Other model was breast cancer cells that lack mitochondrial DNA as shown in figure seven. These cell lines were not dependent on mitochondrial respiration and completely ONC201 resistant supporting our idea that ONC201 is specifically targeting mitochondria.
In conclusion, we confirmed that ONC201 kills breast cancer cells by targeting mitochondria. Last year in 2019, two groups reported that ONC201 targets mitochondria as an agonist of mitochondrial matrix protease. These studies further solidified our discovery. With this, I would like to hand this over to Stan to summarize the remaining questions we have elected to address.
Dr. Stanley Lipkowitz
Thank you, Yoshimi. And again, I think this was a very detailed and comprehensive study really piloted by Yoshimi in our lab. So there were a couple of interesting observations. We also had come to the conclusion that clip-P protease may be important, but we had not been able to conclusively prove that when the other groups had published it. In addition, there are other molecules in this family that also do the same thing. And these drugs called the TR compounds from a company called Modera and other related compounds from ONCA Sudex all are clip-P agonists. So it’s a novel class of drugs with a novel mechanism of action for killing cancer cells.

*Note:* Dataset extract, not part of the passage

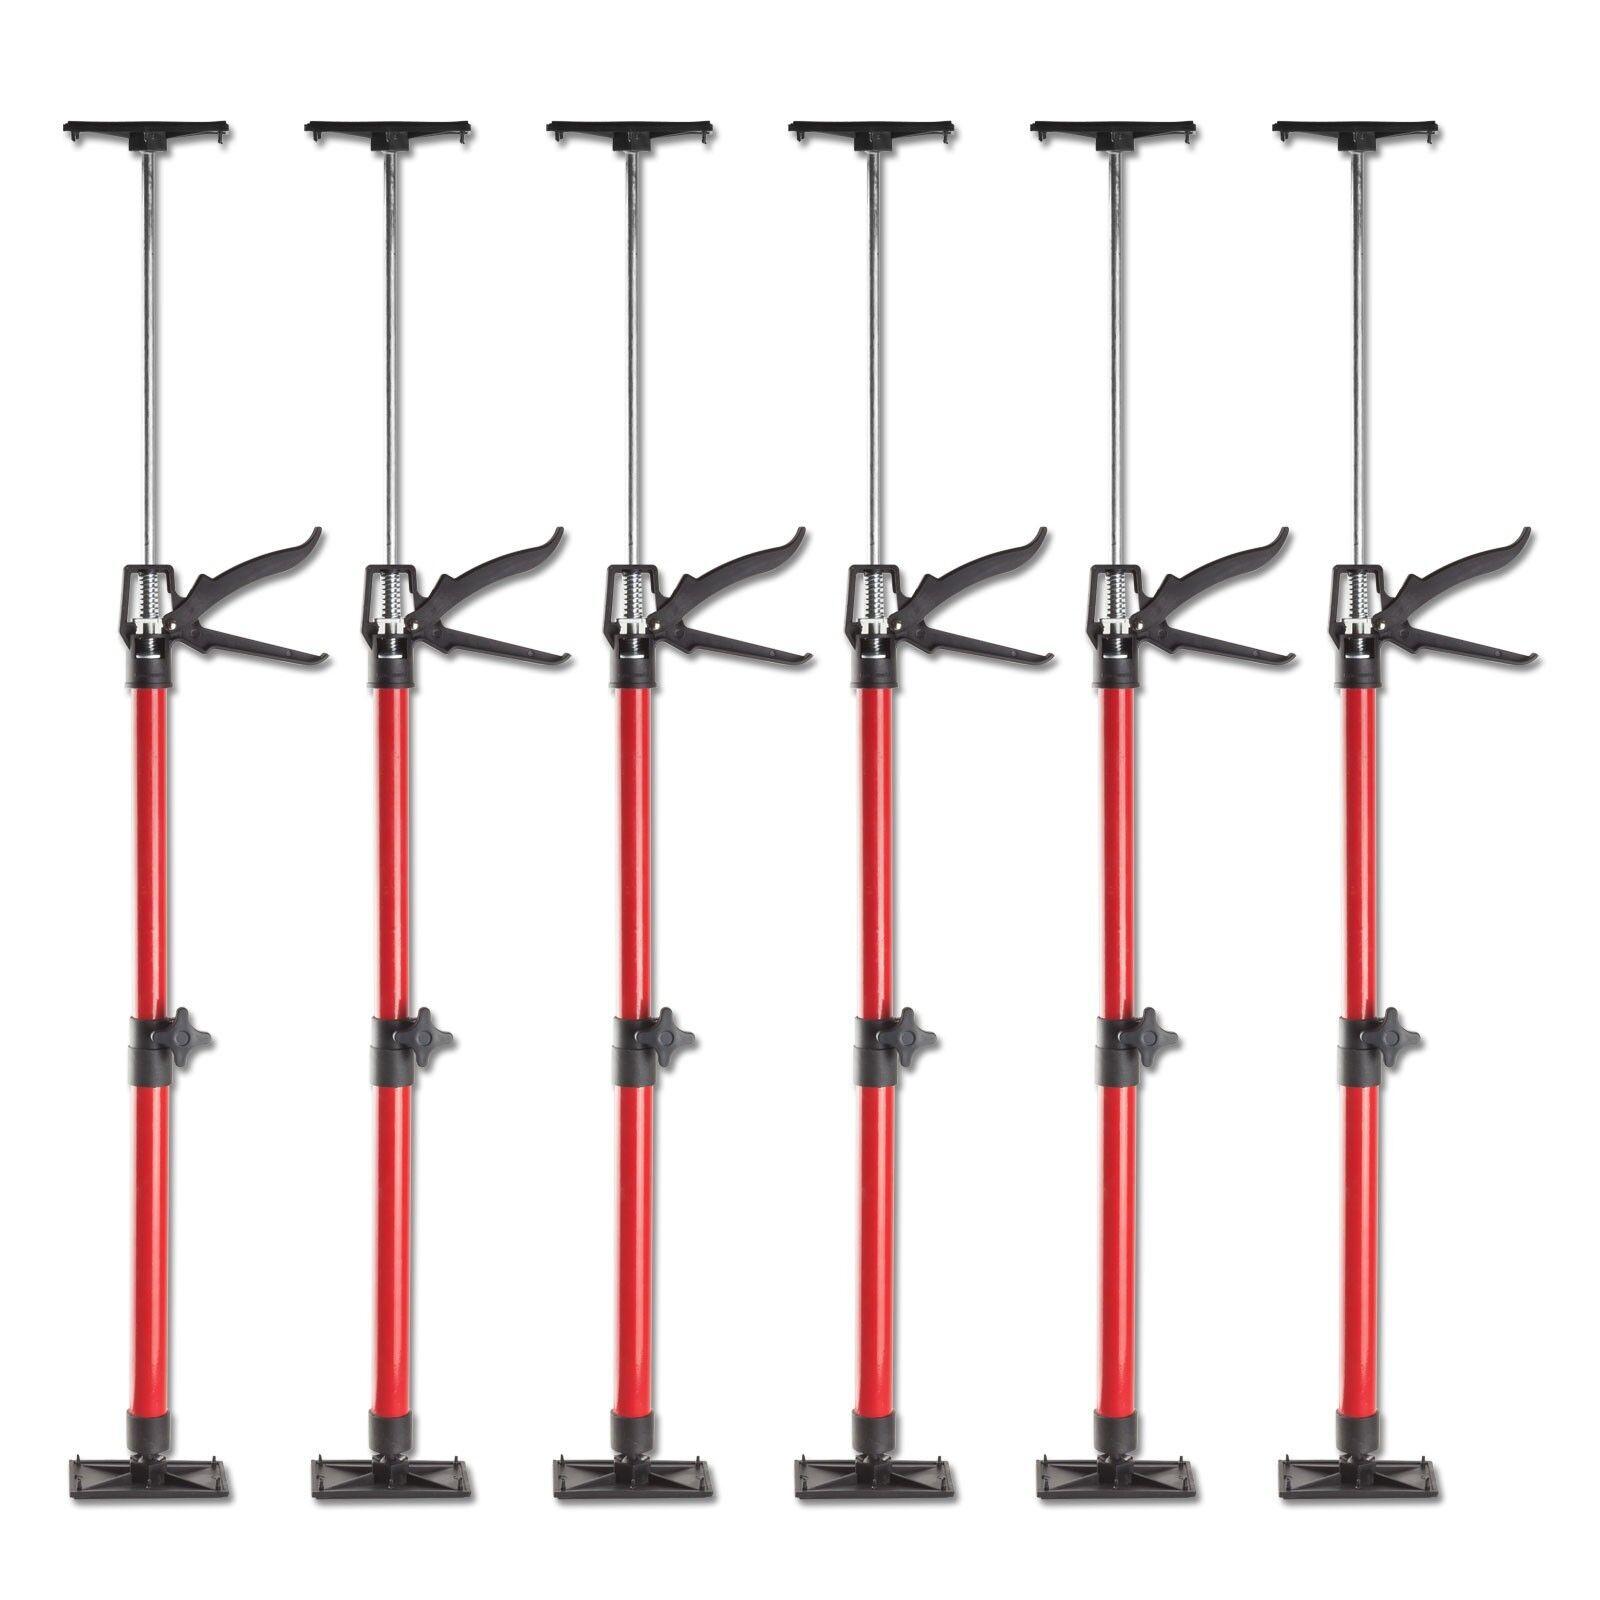 6x Türspanner Türfutterstrebe Türspreize 50-115cm Tür Zargenspanner 30kg Stahl

So that leaves several questions that we would like to answer. Probably a very important question as Yoshimi alluded to, we’ve ruled out apoptosis, necroptosis, and autophagy and several other mechanisms as the mechanism about cell death. We still have not defined then, how the cells, how the targeting clip-P and the disruption of mitochondrial function leads to cell death, and that’s an important question to understand.
Another very important question for the application of these drugs in the clinic is what determines if a cell is, or isn’t dependent on their mitochondria and therefore will be sensitive to such drugs? For example, as we showed in our paper, cells that lack critical TCA cycle components such as FH, fumarate hydrotase, are absolutely resistant to these drugs because they really don’t depend on their mitochondria. So I think it will be important going forward to be able to identify features of cancers that suggest that these drugs will be useful. Now it may either be subtypes of cancer or either subtypes of the cells in a cancer, in a particular cancer population that are sensitive, but I think that’s a critical if we’re going to apply these to patients.
And so with that, I think this work has defined a novel mechanism of action of a class of drugs. It’s been furthered by the other groups, which identified clip-P as the target, and I think there’s a lot of work, but a lot of excitement about this novel target in cancer cells.